### What is needed
The response should be an exact copy of the records, with the pictures removed.

### Data shown
═══

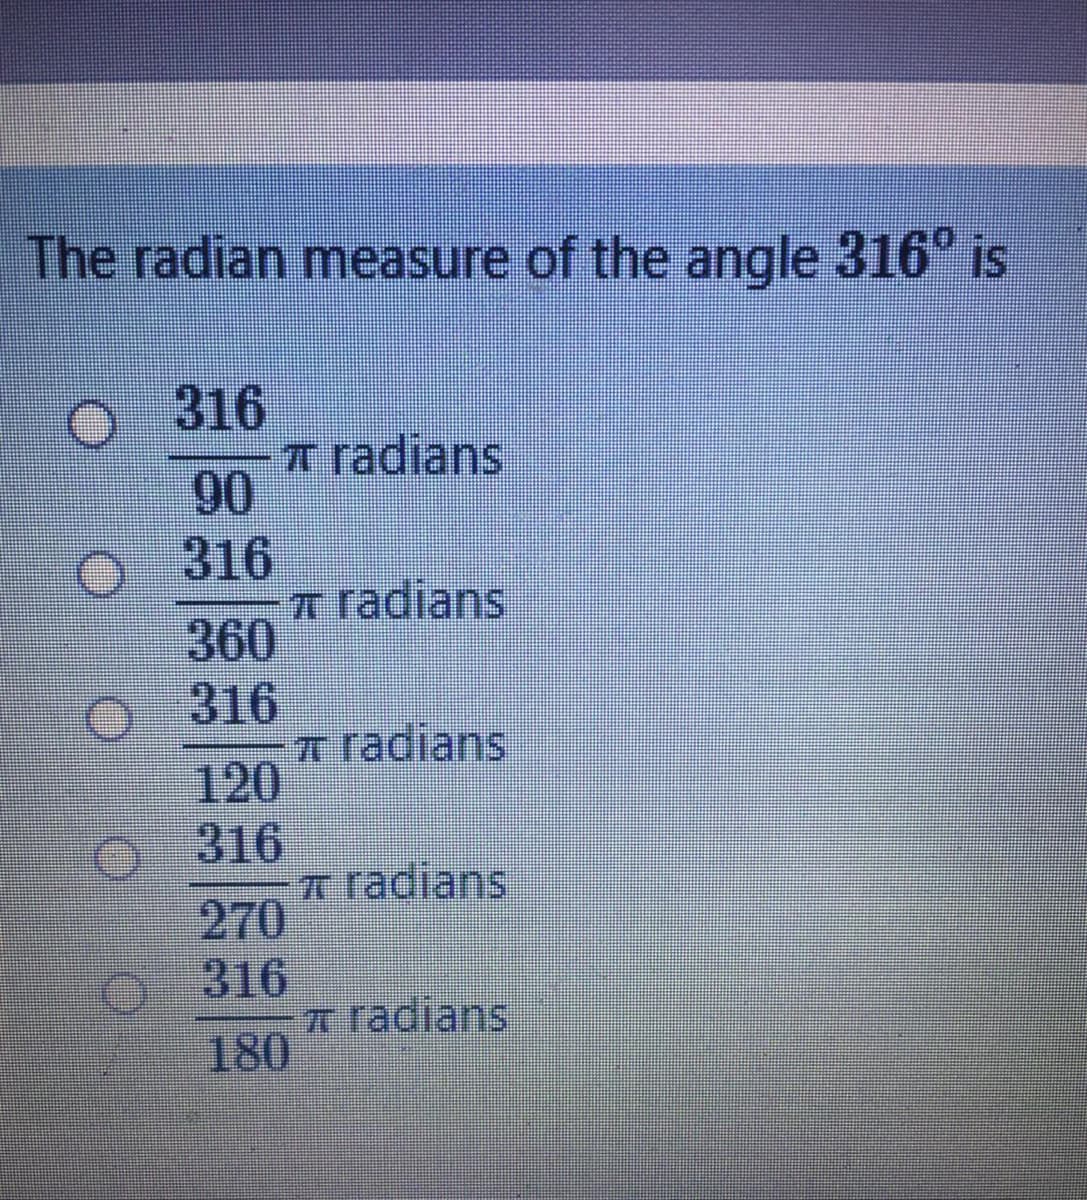 The radian measure of the angle 316° is
316
T radians
90
316
A radians
360
316
n radians
120
316
a radians
270
316
A radians
180

═══

### Response area
 The radian measure of the angle 316° is
316
T radians
90
316
A radians
360
316
n radians
120
316
a radians
270
316
A radians
180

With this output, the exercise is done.